More recently, there has been a growing interest in understanding deep neural networks using information theory. Information theoretic learning (ITL) (Principe, 2010) has been successfully applied to various machine learning applications by providing more robust cost or objective functions, but its role can be extended to create a framework to help optimally design deep learning architectures, as explained in this paper. Recently, Tishby proposed the Information Plane (IP) as an alternative to understand the role of learning in deep architectures (Shwartz-Ziv & Tishby, 2017). The use of information theoretic ideas is an excellent addition because Information Theory is essentially a theory of bounds (MacKay, 2003). Entropy and mutual information quantify properties of data and the results of functional transformations applied to data at a sufficient abstract level that can lead to an optimal performance as illustrated by Stratonovich’s three variational problems (Stratonovich, 1965). These recent works demonstrate the potential that various information theory concepts hold to open the “black box” of DNNs.

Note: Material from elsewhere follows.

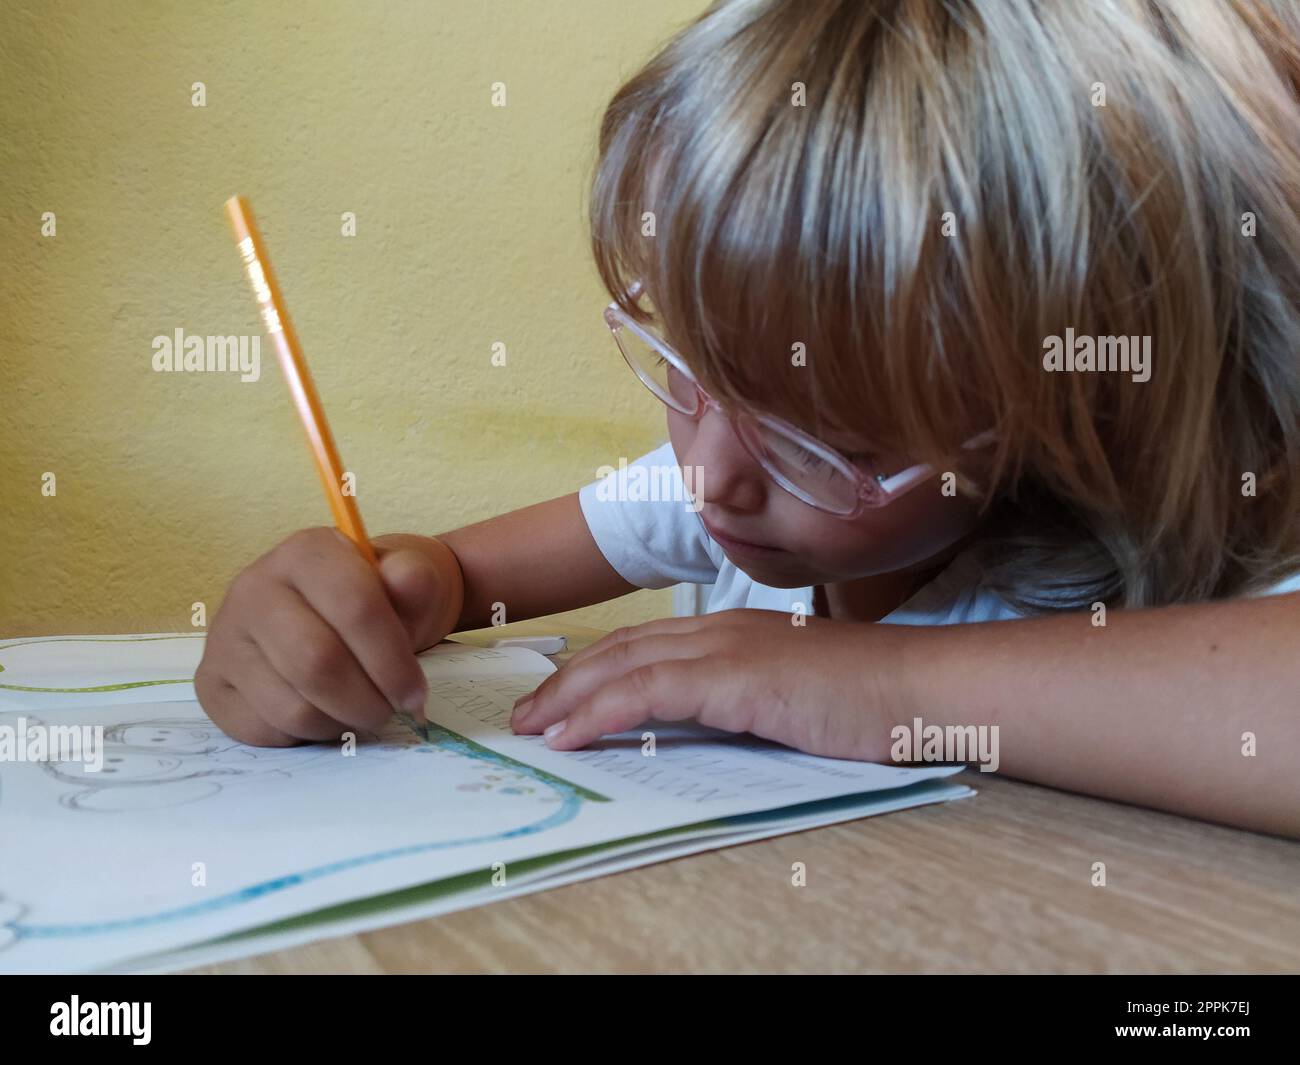 Une fille de 6 ou 7 ans dessine dans un livre. L'enfant fait ses devoirs. Cheveux blonds et lunettes à bordure rose. Concept de formation et d'éducation Banque D'Images

As an application we will concentrate on the design of stacked autoencoders (SAE), a fully unsupervised deep architecture. Autoencoders have a remarkable similarity with a transmission channel (Yu, Emigh, Santana, & Príncipe, 2017) and so they are a good choice to evaluate the appropriateness of using ITL in understanding the architectures and the dynamics of learning in DNNs. We are interested in unveiling the role of the layer-wise mutual information during the autoencoder training phase, and investigating how its dynamics through learning relate to different information theoretic concepts (e.g., different data processing inequalities). We propose to do this for arbitrary topologies using empirical estimators of Renyi’s mutual information, as explained in Giraldo, Rao, and Principe (2015). Moreover, we are also interested in how to use our observations to benefit the design and implementation of DNNs, such as optimizing a neural network topology or training a neural network in a feedforward greedy-layer manner, as an alternative to the standard backpropagation.

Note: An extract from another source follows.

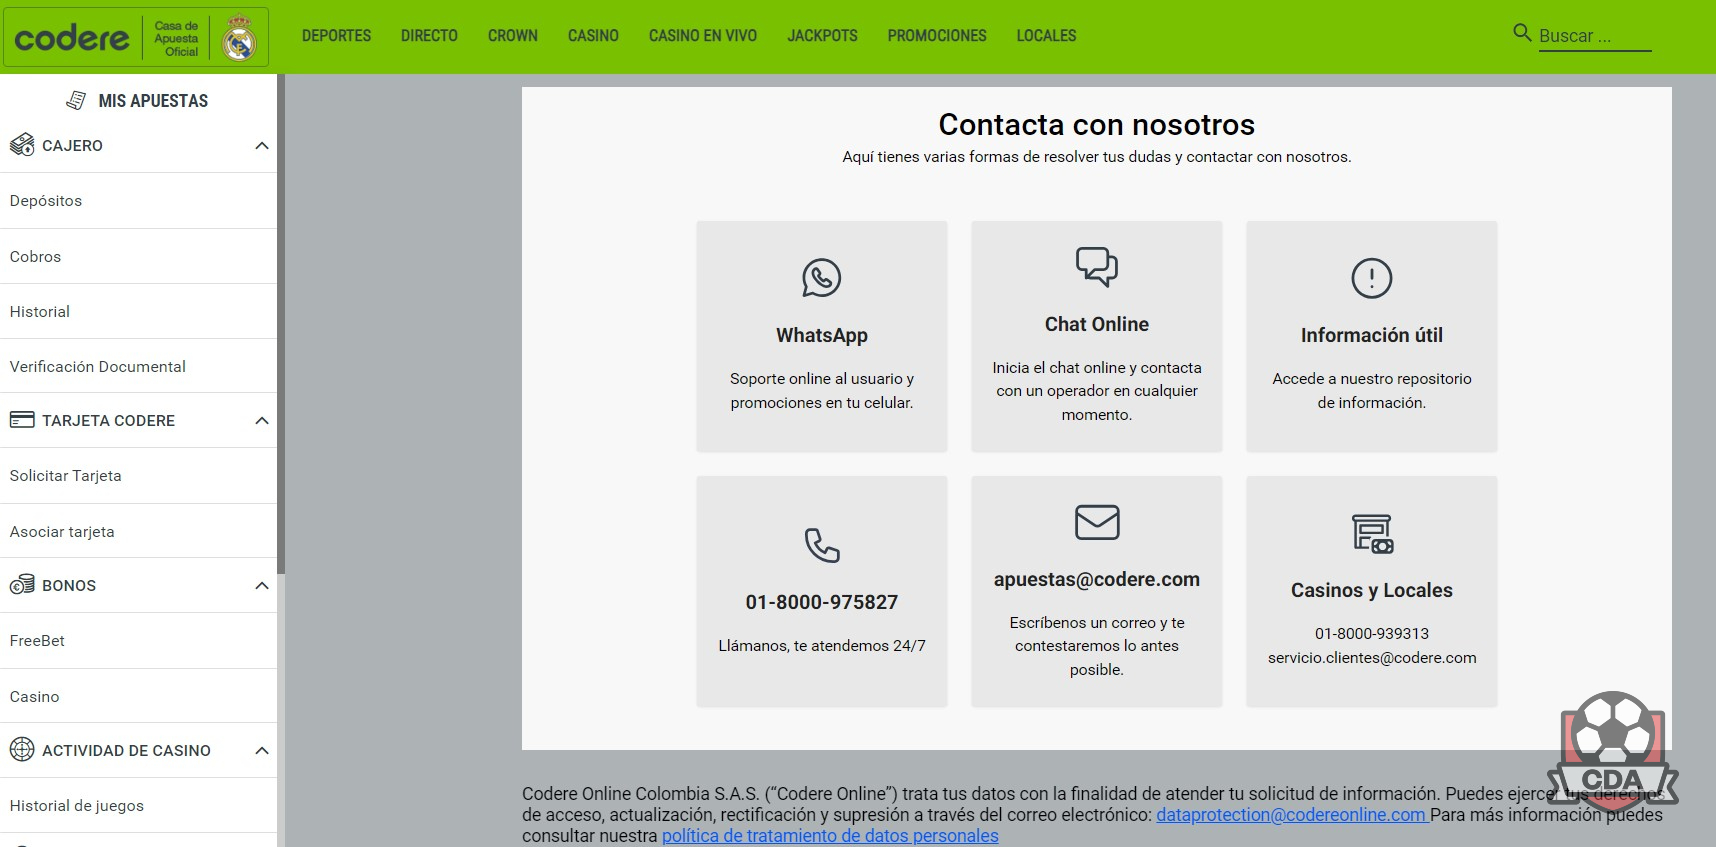 Codere Colombia: Atención al cliente

The rest of this paper is organized as follows. In Section 2, we briefly introduce background and related works, including a review of the geometric projection view of multilayer systems, elements of Renyi’s entropy and their matrix-based functional as well as previous works on understanding DNNs. Following this, we suggest three fundamental properties associated with the layer-wise mutual information and also give our reasoning in Section 3. We then carry out experiments on three real-world datasets to validate these properties in Section 4. An experimental interpretation is also presented. We conclude this paper and present our insights in Section 5.

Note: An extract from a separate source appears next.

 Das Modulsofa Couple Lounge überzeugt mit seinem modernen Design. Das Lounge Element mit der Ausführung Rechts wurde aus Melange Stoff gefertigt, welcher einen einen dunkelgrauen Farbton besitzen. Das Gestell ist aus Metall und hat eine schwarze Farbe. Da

To summarize, our main contributions are threefold:
- •
Instead of using the basic Shannon or Renyi’s definitions on mutual information which require precise PDF estimation in high-dimensional space, we suggest using the recently proposed matrix-based Renyi’s -entropy functional (Giraldo et al., 2015) to estimate information quantities in DNNs. We demonstrate that this class of estimators can be used in high dimensions () and preserve the theoretical expectations of the Data Processing Inequality. The new estimators compute the entropy and mutual information in the reproducing kernel Hilbert spaces (RKHS) and avoid explicit PDF estimation, thus making information flow estimation simple and practical as required to analyze learning dynamics of DNNs.
- •
Benefiting from the simple yet precise estimator, we suggest three fundamental properties associated with information flow in SAEs, which provides insights in the dynamics of DNNs from an information theory perspective.
- •
The new estimators and our observations also illustrate practical implications on the problem of architecture design/selection, generalizability, and other critical issues in deep learning communities. Moreover, the proposed methodologies can be extended to other DNN architectures much more complex than MLP or SAEs, like the CNNs (Yu, Wickstrøm, Jenssen and Principe, 2018).
The abbreviations and variables mentioned in this paper are summarized in Table 1.
Section snippets
Background and related works
In this section, we start with a review of the geometric interpretation of multilayer system mappings as well as the basic autoencoder that provides a geometric underpinning for the IP quantification. The geometric interpretation describes the basic operation of pairwise layer projections, which agrees with the pairwise mutual information in IP, hinting that we are effectively quantifying the role of projections using information theoretic quantities and opening the “black box”. After that, we
The data processing inequality (DPI) and its extensions tostacked autoencoders (SAEs)
Before systematically interpreting SAEs operation and learning using information theoretic concepts, let us recall the basic learning mechanism (i.e., backpropagation) in any feedforward DNNs (including SAEs, MLP, etc.), the input signals are propagated from input layer to the output layer and the errors are back-propagated in the reverse direction from the output layer to the input layer through the adjoint or dual network (Kuroe, Nakai, & Mori, 1993) (Krawczak, 2013 Chapter 7). Both
Experiments
This section presents two sets of experiments to corroborate our Section 3 fundamental properties directly from data and the nonparametric statistical estimators put forth in this work. Specifically, Section 4.1 validates the first type of DPI and also demonstrates the two IPs defined in Section 3.2 to illustrate the existence of bifurcation point that is controlled by the given data, whereas Section 4.2 validates the second type of DPI raised in Section 3.1. Note that, we also give a
Conclusions
In this paper, we analyzed DNNs learning from a joint geometric and information theoretic perspective, thus emphasizing the role that pair-wise mutual information plays in understanding DNNs. As an application of this idea, three fundamental properties are presented concentrating on stacked autoencoders (SAEs). The experiments on three real-world datasets validated the data processing inequality associated with layer-wise mutual information and the existence of bifurcation point associated with
Acknowledgments
The authors would like to express their sincere gratitude to Dr. Luis Gonzalo Sánchez Giraldo from the University of Miami and Dr. Robert Jenssen from the UiT — The Arctic University of Norway for their careful reading of our manuscript and many insightful comments and suggestions. The authors also thank the anonymous reviewers for their very helpful suggestions, which led to substantial improvements of the paper. This work is supported in part by the U.S. Office of Naval Research under Grant
References (96)
- et al.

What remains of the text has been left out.